Additionally, my barcode file looks like this:
barcode_sequence_1 barcode_sequence_2 barcode_name library_name
CTGATCGTNNNNNNNNN ATATGCGC Dual Index UMI Adapter 1 GAR2161A459
ACTCTCGANNNNNNNNN TGGTACAG Dual Index UMI Adapter 2 GAR2161A460
TGAGCTAGNNNNNNNNN AACCGTTC Dual Index UMI Adapter 3 GAR2161A461
GAGACGATNNNNNNNNN TAACCGGT Dual Index UMI Adapter 4 GAR2161A462
CTTGTCGANNNNNNNNN GAACATCG Dual Index UMI Adapter 5 GAR2161A463
TTCCAAGGNNNNNNNNN CCTTGTAG Dual Index UMI Adapter 6 GAR2161A464
CGCATGATNNNNNNNNN TCAGGCTT Dual Index UMI Adapter 7 GAR2161A465
ACGGAACANNNNNNNNN GTTCTCGT Dual Index UMI Adapter 8 GAR2161A466
CGGCTAATNNNNNNNNN AGAACGAG Dual Index UMI Adapter 9 9
ATCGATCGNNNNNNNNN TGCTTCCA Dual Index UMI Adapter 10 10
GCAAGATCNNNNNNNNN CTTCGACT Dual Index UMI Adapter 11 11
(etc.)
I included all 384 barcodes as I am interested in observing any cross-talk that occurs.
Thank you for your help
Mark
@Mark: You may want to look at a tool written specifically for handling UMI's (UMI-tool). deML may also be a possible option.
I was originally looking at UMI-tool but then switched to the picard/fgbio approach as it is what is recommended by IDT, the supplier of the unique, dual index, UMI adapters that are being used in this study.
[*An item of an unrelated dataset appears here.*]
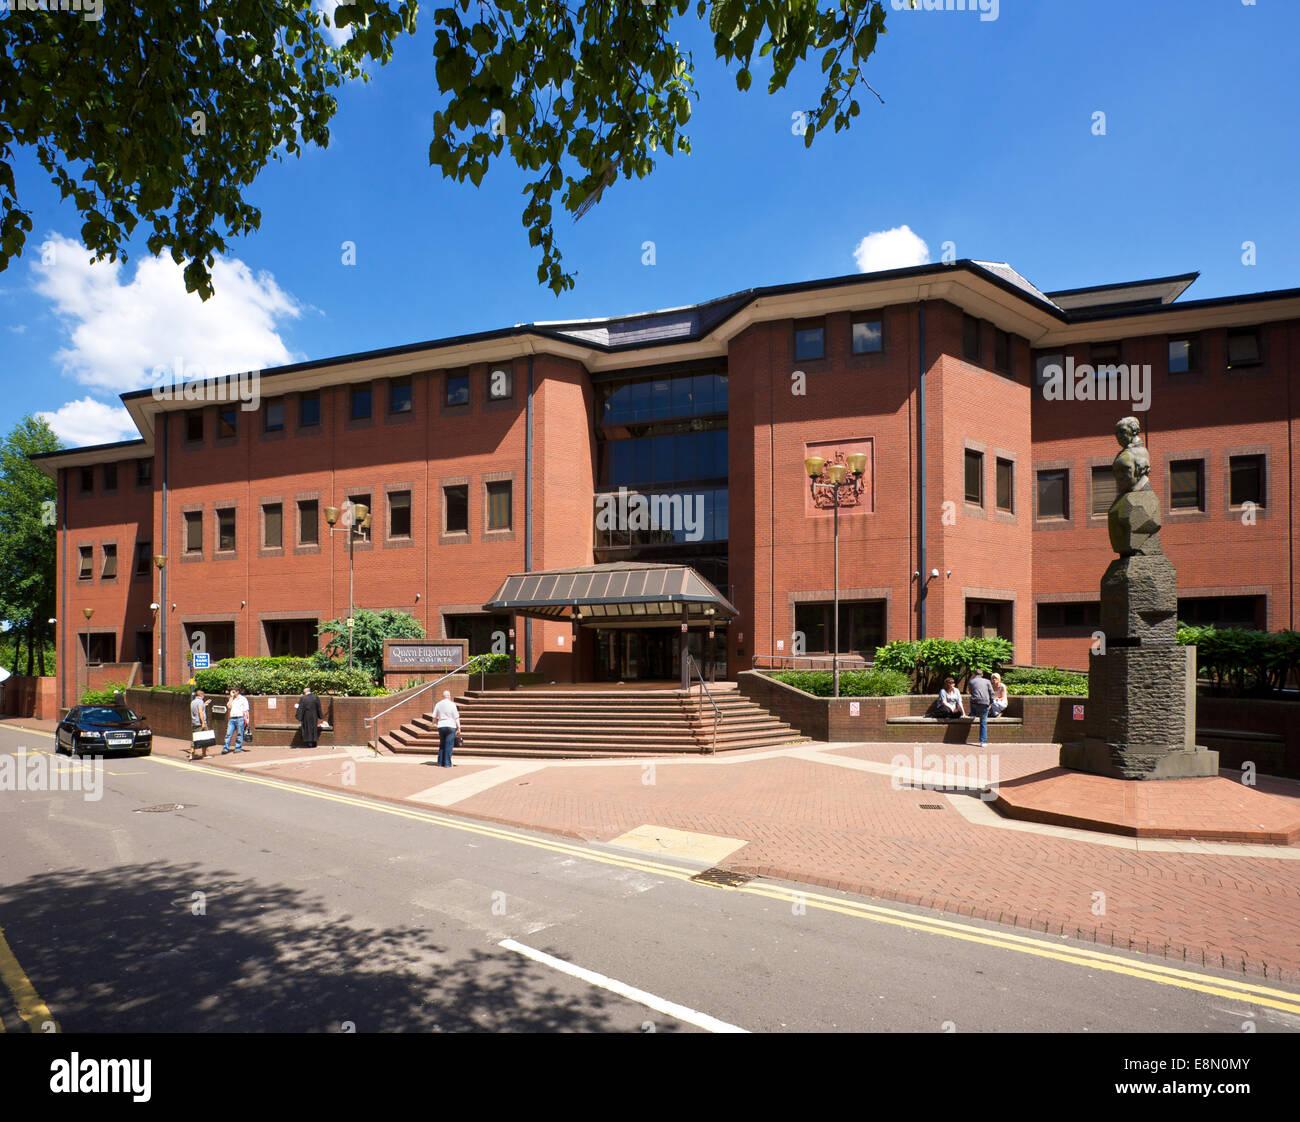 Birmingham Crown Court Birmingham West Midlands England Uk Stock Photo Alamy
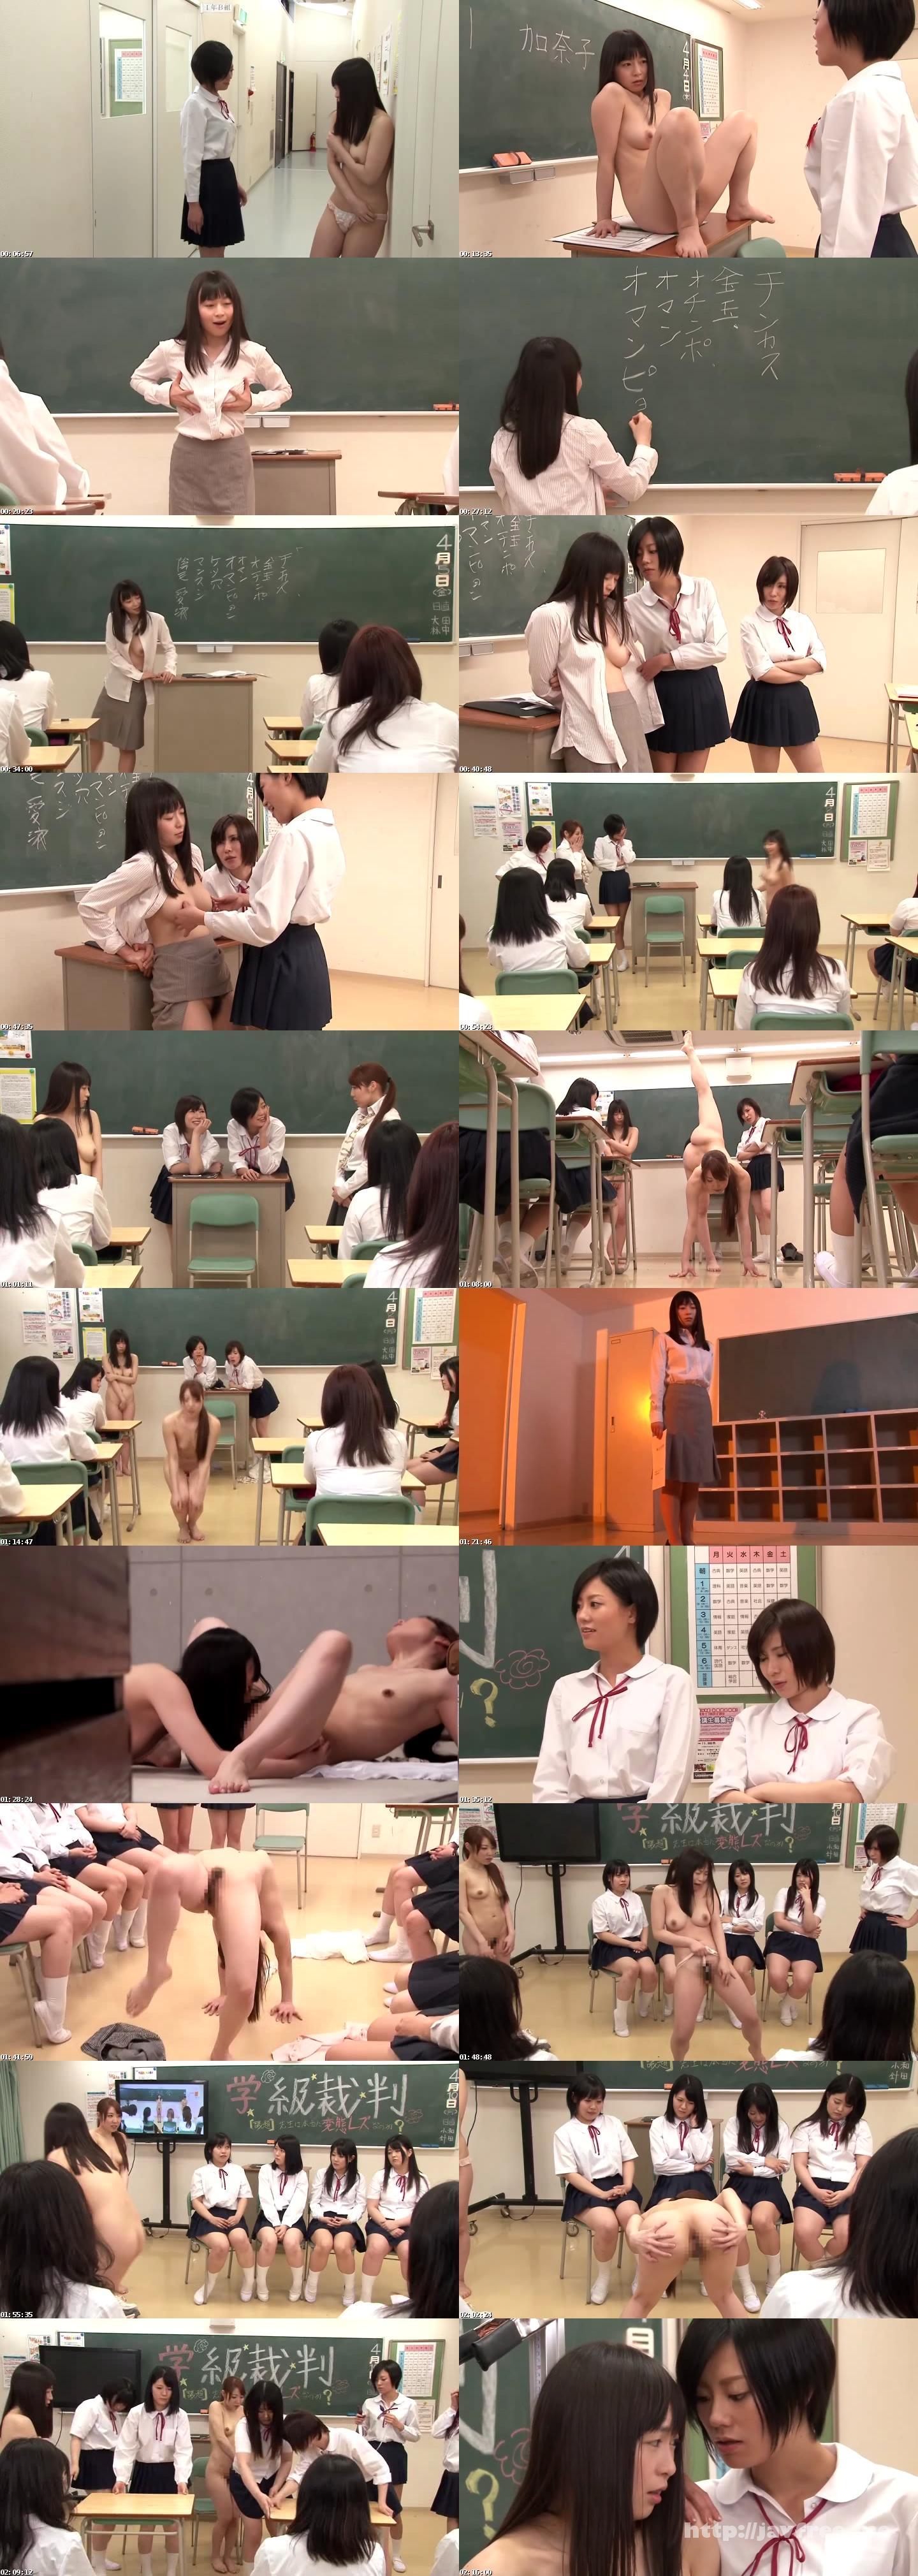 [RCT 596] 私立花園女子校いじめ学級会シーズン2 先生の変態レズ疑惑!学級裁判編 羽月希 琥珀うた 内村りな RCT

If I can't get this approach to work, I will further explore your suggestions. Thanks
That error seems to indicate that your file format for the barcode file is incorrect. Is that a tab delimited file?
Yes, it is tab-delimited. And I have tried a few different versions of it as well with no success, including only using 3 columns when trying to demultiplex based on a single index and reordering the columns to "barcode_name library_name barcode_sequence_1 barcode_sequence_2" as suggested in some online posts.